Vector and Tensor Formulation of Fundamentals

Co-ordinate systems:

Let (x\({}_{{1}}\), x\({}_{{2}}\), x\({}_{{3}})\) be a rectilinear, orthogonal coordinate system. The vector components of a point P are given by \(\vec{R}=\mathop{OP}\limits^{\to}=[x_{1},x_{2},x_{3}]\).

Let (u\({}_{{1}}\), u\({}_{{2}}\), u\({}_{{3}})\) be a curvilinear, orthogonal coordinate system. The co-ordinate surfaces are given by

$$\begin{array}[]{@{}l@{\,}c@{\,}l}u_{1}(x_{1},x_{2},x_{3})&=&const,\\ u_{2}(x_{1},x_{2},x_{3})&=&const,\\ u_{3}(x_{1},x_{2},x_{3})&=&const.\\ \end{array}$$

The intersection of two co-ordinate surfaces is a co-ordinate line.

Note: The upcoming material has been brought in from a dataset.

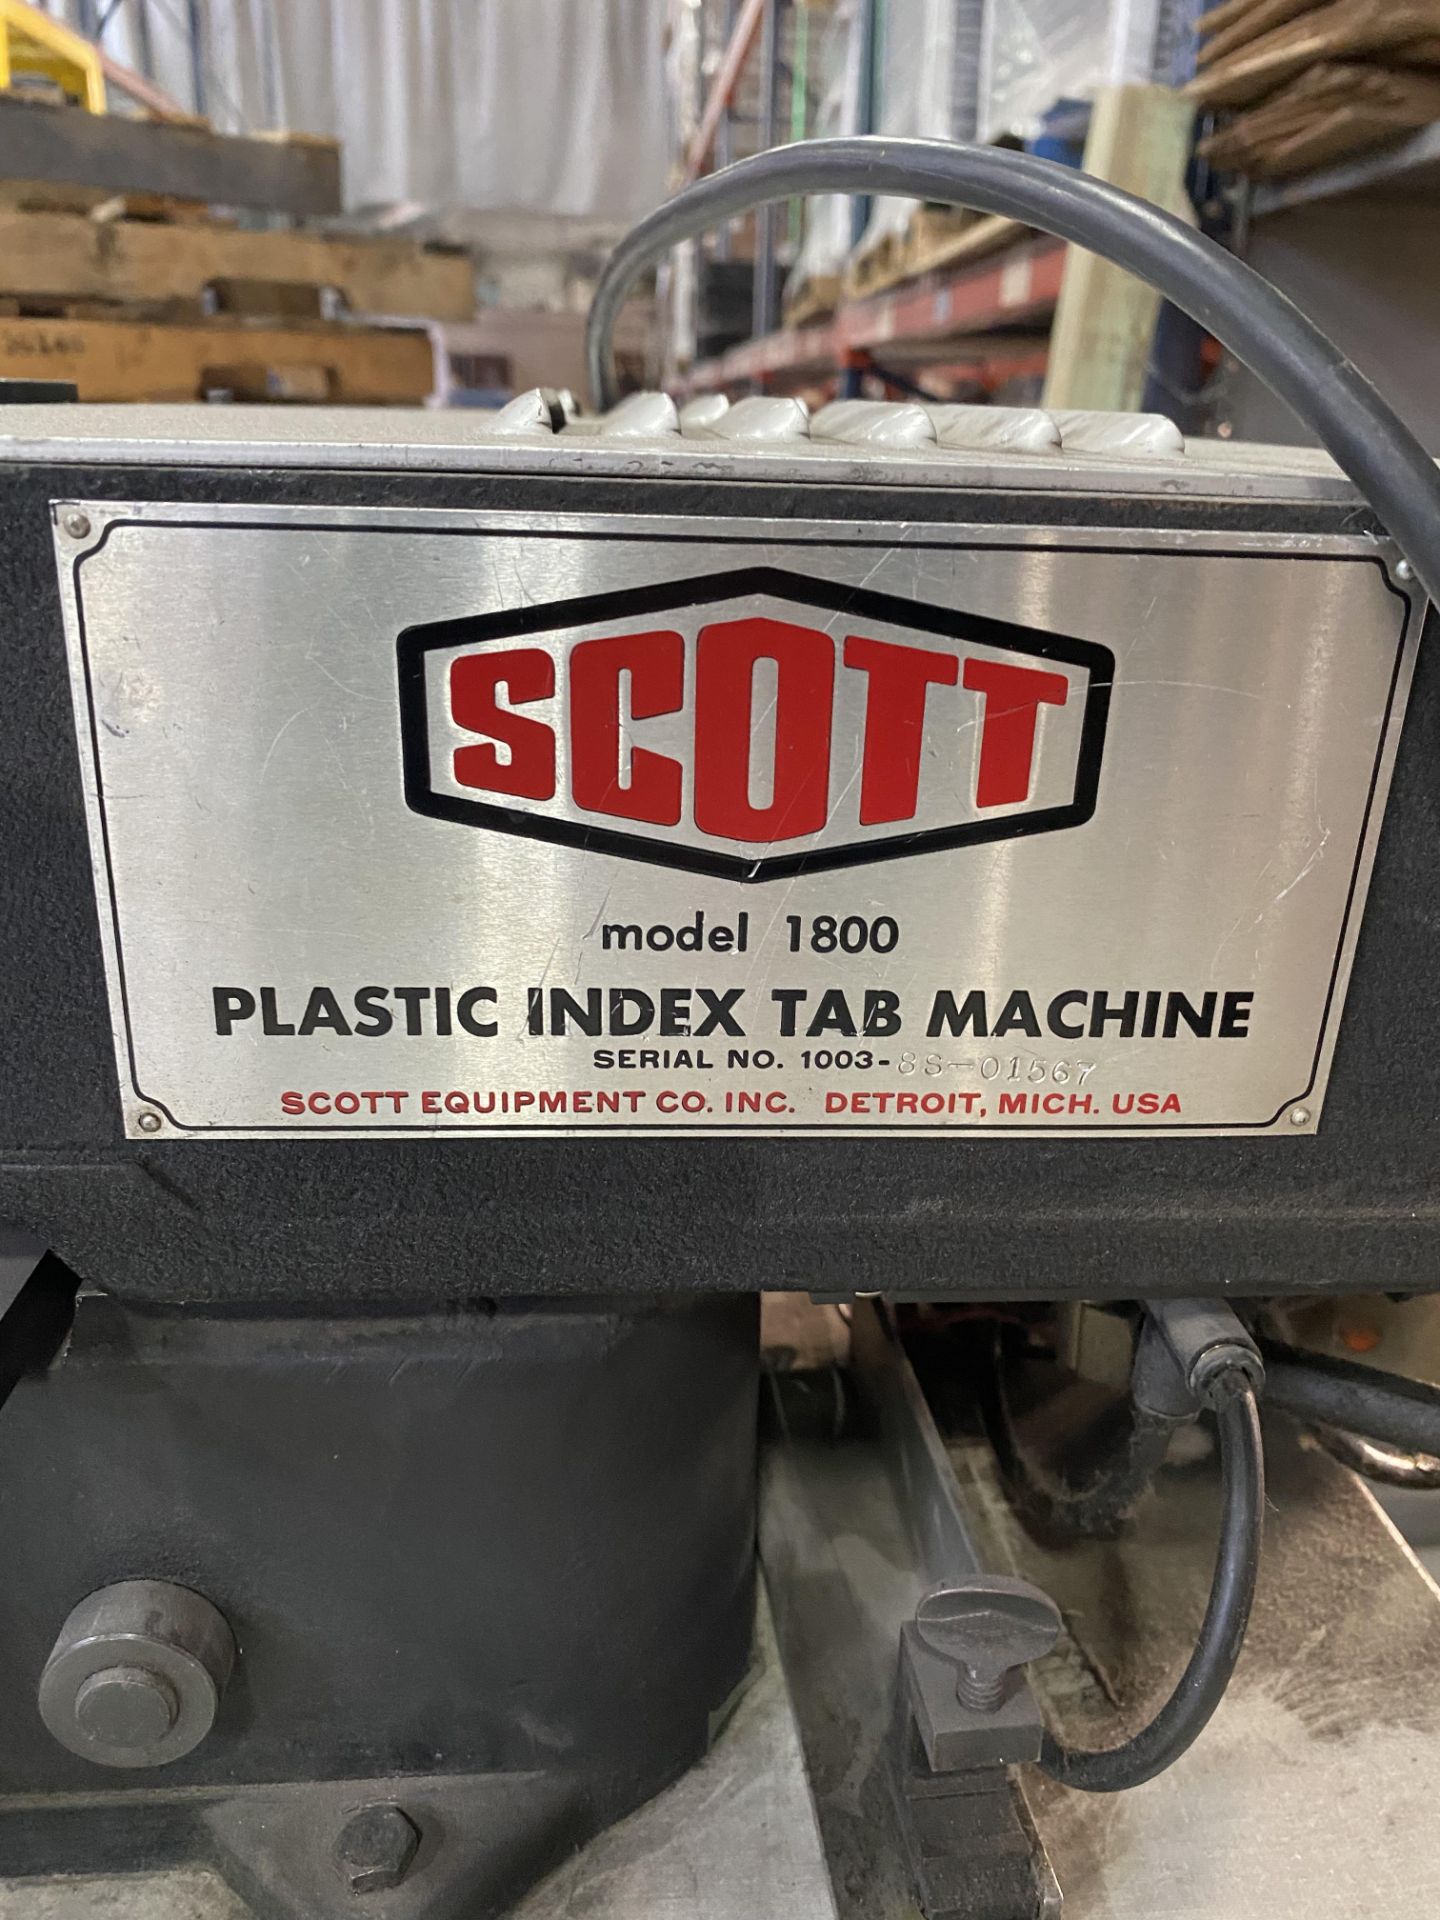 Scott 1800 Plastic Index Tab Machine s/n 1003-8S-01567 - Image 4 of 6

Tangent vectors at co-ordinate lines:

$$\begin{array}[]{@{}l@{\,}c@{\,}l}\vec{R}_{1}&=&\displaystyle\frac{\partial\vec{R}}{\partial u_{1}}=\left[{\frac{\partial x_{1}}{\partial u_{1}}\;,\;\frac{\partial x_{2}}{\partial u_{1}}\;,\;\frac{\partial x_{3}}{\partial u_{1}}}\right]\,,\\ \vec{R}_{2}&=&\displaystyle\frac{\partial\vec{R}}{\partial u_{2}}=\left[{\frac{\partial...